The bivariate modeling allows us the comparison of financial returns
from two investments or from one investment and its benchmark. When
it comes to the investigation of multiple investment returns from
funds or portfolios we are concerned with the multivariate case.
In the case of bivariate distribution functions we provide functions
for the 2-dimensional Cauchy, Normal, and Student-t distributions.
A generalisation (for the density only) is made for the family of
2-dimensional elliptical distributions. In this case we provide density
functions for the Normal, Cauchy, Student-t, Logistic, Laplace, Kotz,
e-Power distributions.
In the case of multivariate distribution functions from the skew-normal
(SN) family and some related ones we recommend to
use the density funtions, probability functions and random number
generators provided by Azzalini's contributed package \code{sn}.

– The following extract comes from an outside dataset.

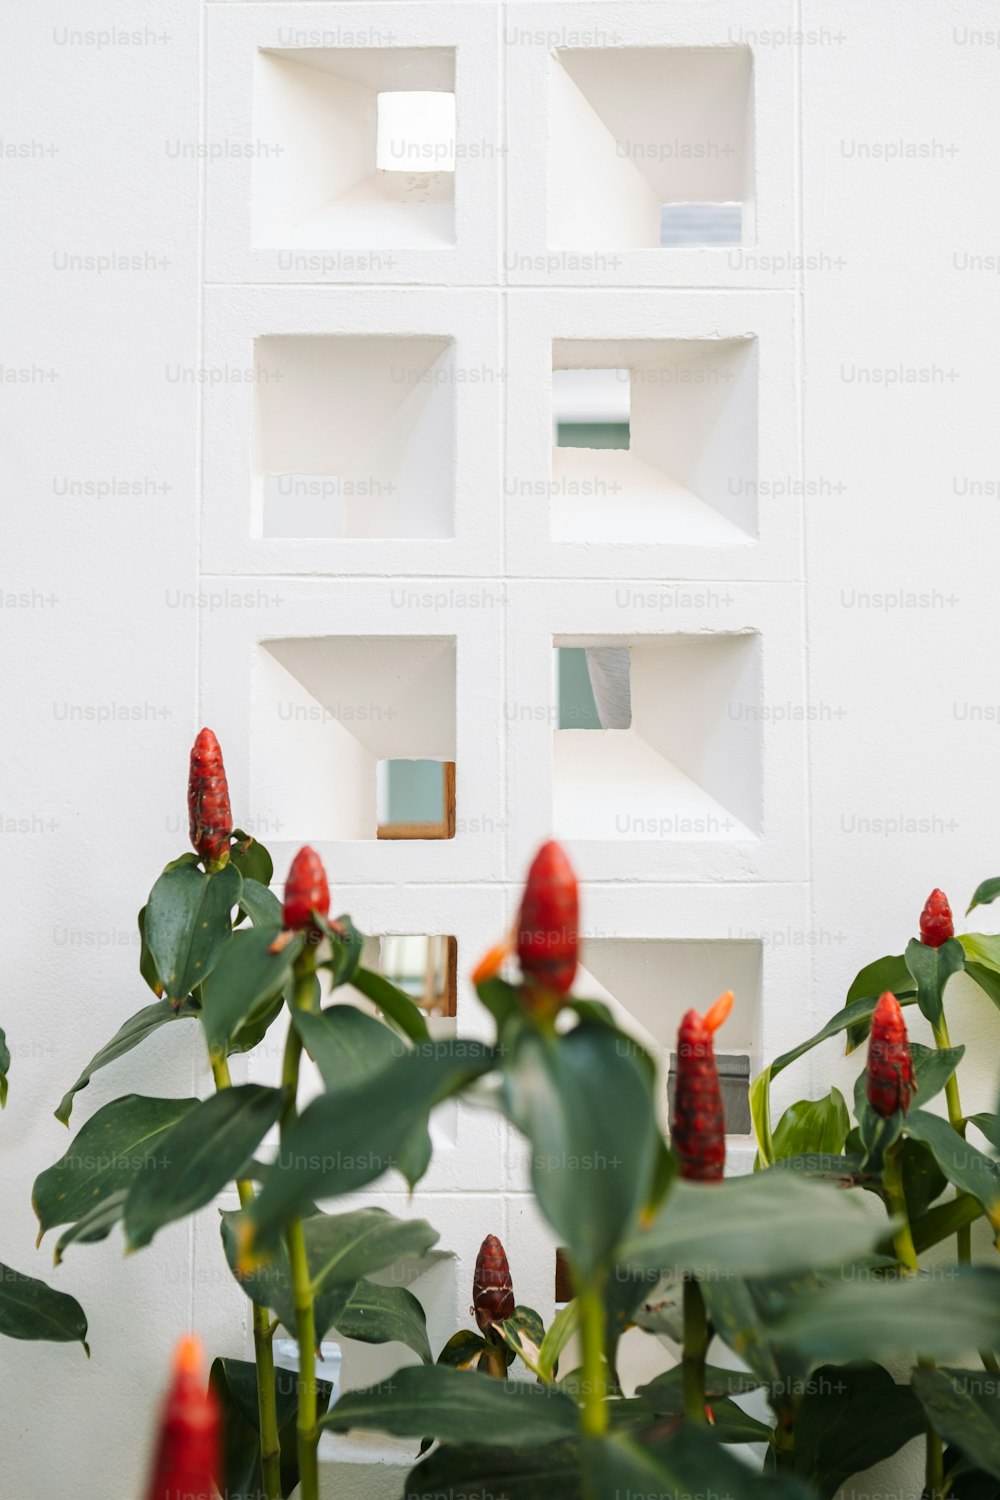 une plante aux fleurs rouges devant un mur blanc

The family of his SN-distributions cover the skew Cauchy, the skew
Normal, and the skew Student-t distributions. For parameter fitting
we have added three simple wrapper functions for an easy to use
approach to estimate the distributional parameters for financial
return series.
In the case of multivariate distribution functions from the generalized
hyperbolic (GHYP) family and some related ones we recommend to
use the density funtions, probability functions and random number
generators provided by David Luethi and Wolfgang Breymann's contributed
package \code{ghyp}.
The family of their GHYP-distributions cover beside the General
Hyperbolic distribution (GHYP) also the special cases for the
Hyperbolic distribution (HYP), for the Normal Inverse Gaussian
distribution (NIG), for the Variance Gamma distribution (VG), and
for the skewed Student-t distribution (GHST).
}
\section{2 Bivariate Distributions}{
This section contains functions to model bivariate density,
probability, quantile functions, and to generate random numbers
for three standard distributions.
\preformatted{
[dpr]cauchy2d Bivariate Cauchy Distribution
[dpr]norm2d Bivariate Normal Disribution
[dpr]t2d Bivariate Student-t Disribution
}
The density function
\preformatted{
delliptical2d Bivariate Elliptical Densities
}
computes for several bivariate elliptical distributions their
densities. Included distributions are the following types:
\code{"norm"}, \code{"cauchy"}, \code{"t"}, \code{"logistic"},
\code{"laplace"}, \code{"kotz"}, and \code{"epower"}.
}
\section{3 Multivariate Symmetric Distributions}{
\preformatted{
[dpr] Multivariate Cauchy Distribution
[dpr] Multivariate Normal Distribution
[dpr] Multivariate Student-t Distribution
[dpr] Multivariate Truncated Normal Distribution
}
}
\section{3 Multivariate Skew Distributions}{
We use the functions from the contributed package \code{"sn"} package
to model multivariate density and probability functions, and to
generate random numbers for the skew Cauchy, Normal and Student-t
distributions. Note the symmetric case is also included in these
functions. The functions are:
\preformatted{
[dpr]msc Multivariate Skew Cauchy Distribution
[dpr]msn Multivariate Skew Normal Distribution
[dpr]mst Multivariate Skew Student-t Distribution
}
Note the functions are not part of the \code{fMultivar} package they
depend on the \code{"sn"} package and are loaded when \code{fMultivar}
is loaded.
NOTE: In the new version of the \code{fMultivar} package the following
two distribution functions \code{*mvsnorm} (multivariate Normal
distribution) and \code{*mvst} (multivariate Student-t Distribution)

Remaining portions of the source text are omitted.